WHAT YOU NEED TO DO — Repeat the whole listing below precisely. Omit all pictures.

INFORMATION SUPPLIED —
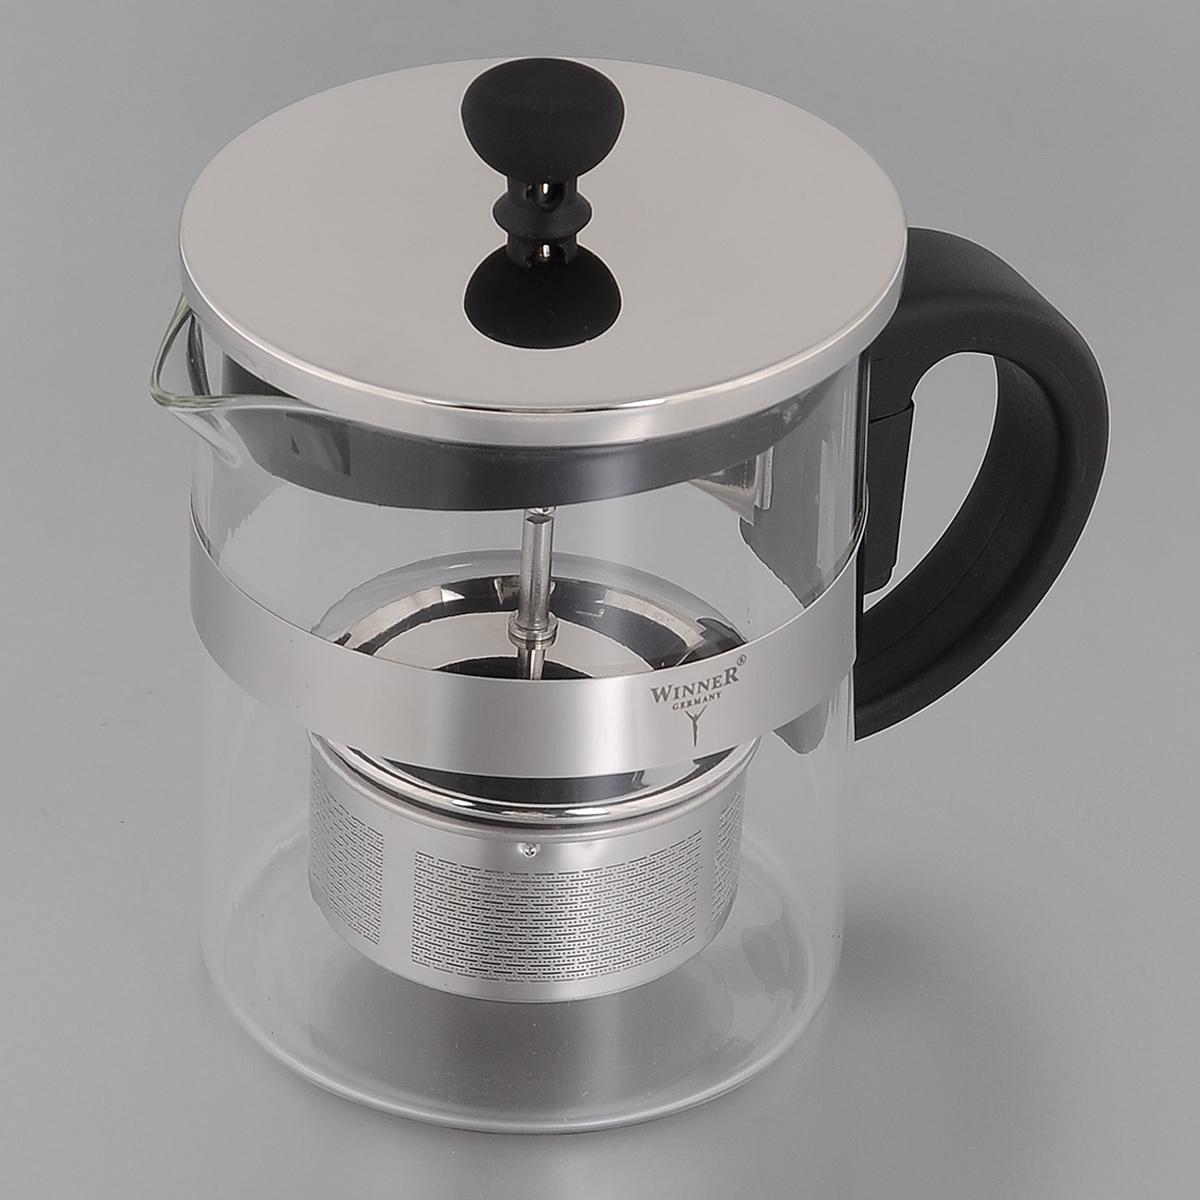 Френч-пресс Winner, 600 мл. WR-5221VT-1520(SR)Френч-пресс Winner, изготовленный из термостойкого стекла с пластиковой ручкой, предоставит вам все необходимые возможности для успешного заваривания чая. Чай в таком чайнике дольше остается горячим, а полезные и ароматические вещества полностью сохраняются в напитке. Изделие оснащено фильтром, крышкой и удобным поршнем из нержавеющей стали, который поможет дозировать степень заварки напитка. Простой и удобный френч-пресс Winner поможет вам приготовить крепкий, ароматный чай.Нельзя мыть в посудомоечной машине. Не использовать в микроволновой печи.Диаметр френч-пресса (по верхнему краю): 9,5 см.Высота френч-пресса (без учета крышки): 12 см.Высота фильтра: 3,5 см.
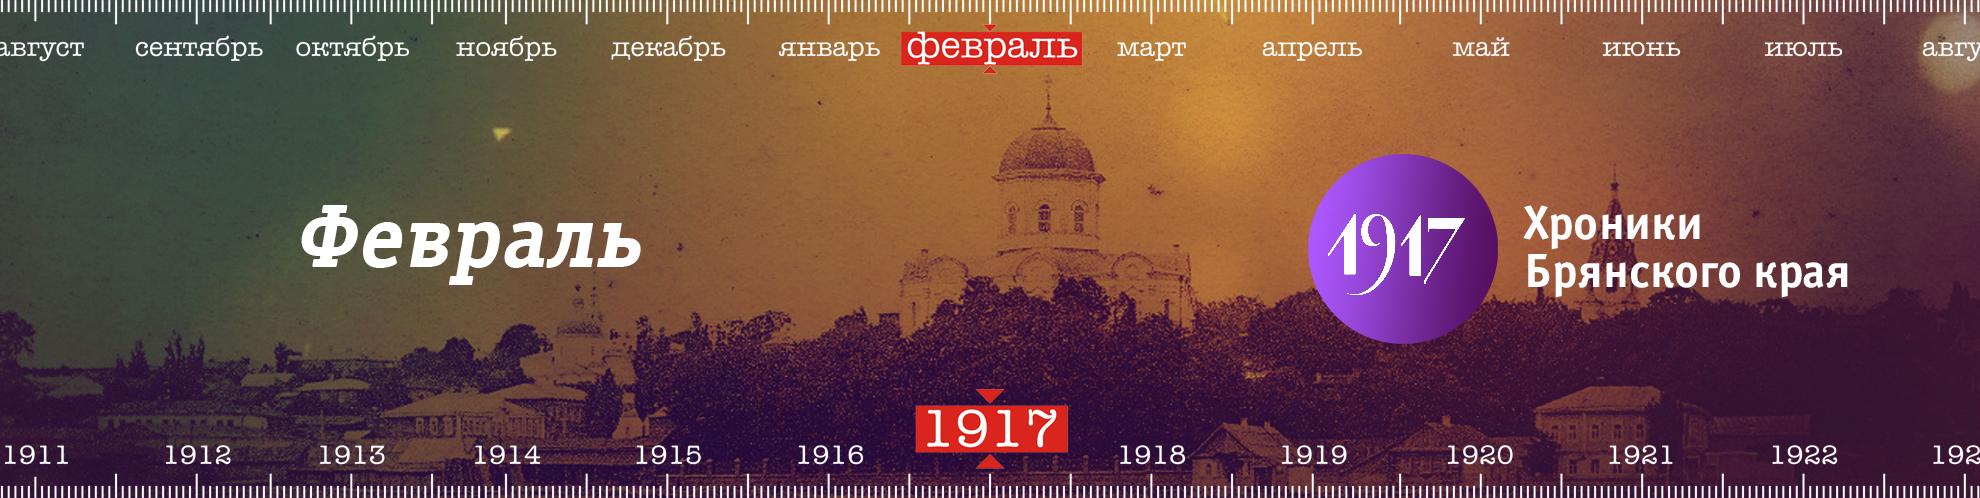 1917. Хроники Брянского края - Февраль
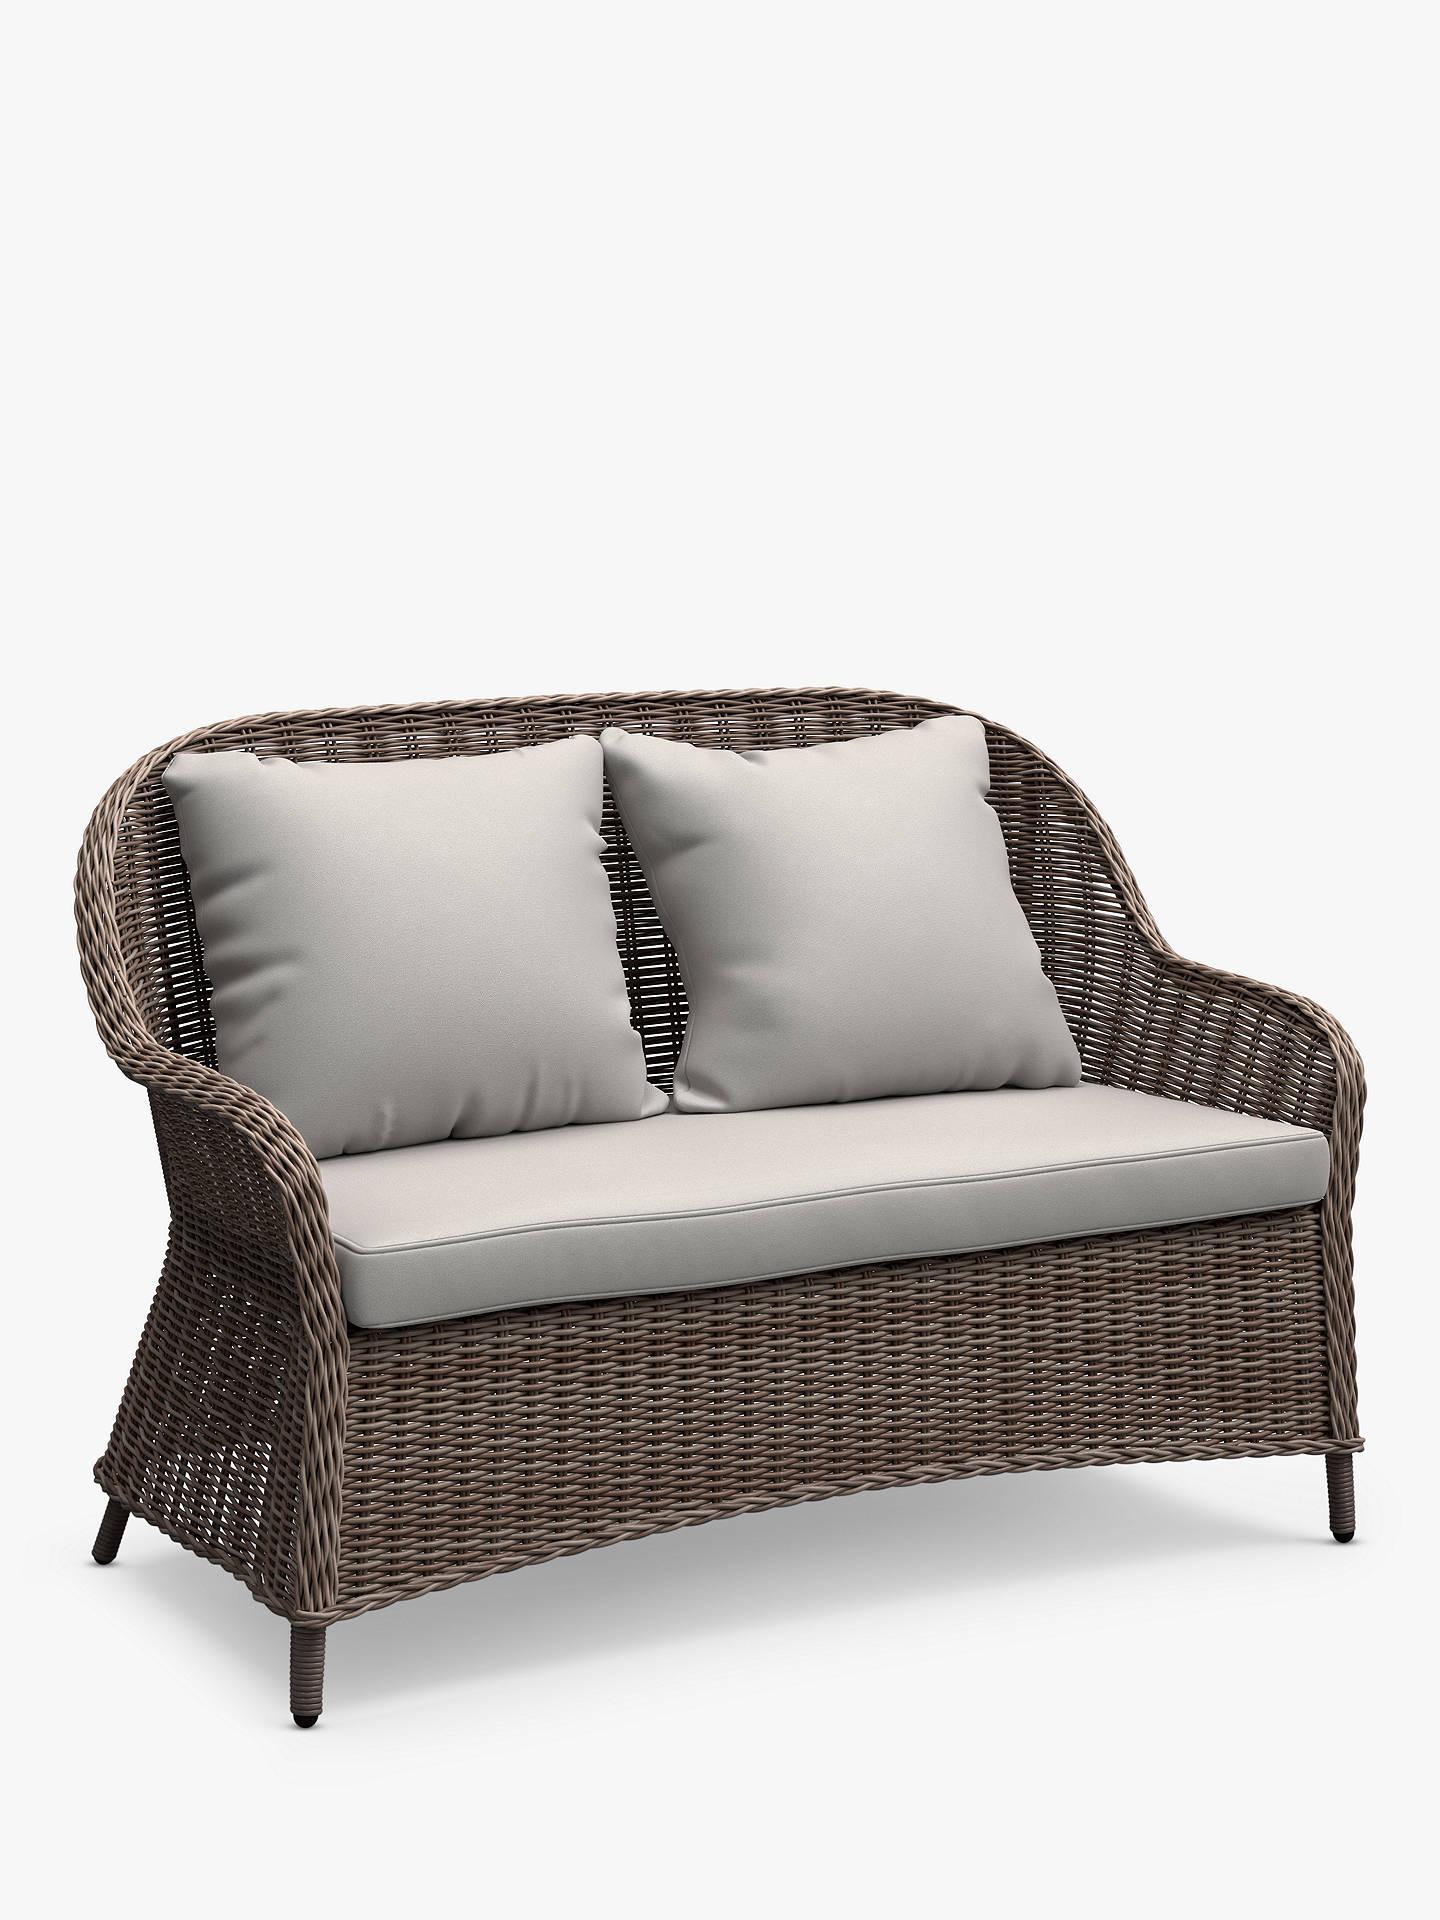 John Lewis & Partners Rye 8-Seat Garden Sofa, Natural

RESPONSE AREA —
 Френч-пресс Winner, 600 мл. WR-5221VT-1520(SR)Френч-пресс Winner, изготовленный из термостойкого стекла с пластиковой ручкой, предоставит вам все необходимые возможности для успешного заваривания чая. Чай в таком чайнике дольше остается горячим, а полезные и ароматические вещества полностью сохраняются в напитке. Изделие оснащено фильтром, крышкой и удобным поршнем из нержавеющей стали, который поможет дозировать степень заварки напитка. Простой и удобный френч-пресс Winner поможет вам приготовить крепкий, ароматный чай.Нельзя мыть в посудомоечной машине. Не использовать в микроволновой печи.Диаметр френч-пресса (по верхнему краю): 9,5 см.Высота френч-пресса (без учета крышки): 12 см.Высота фильтра: 3,5 см.
 1917. Хроники Брянского края - Февраль
 John Lewis & Partners Rye 8-Seat Garden Sofa, Natural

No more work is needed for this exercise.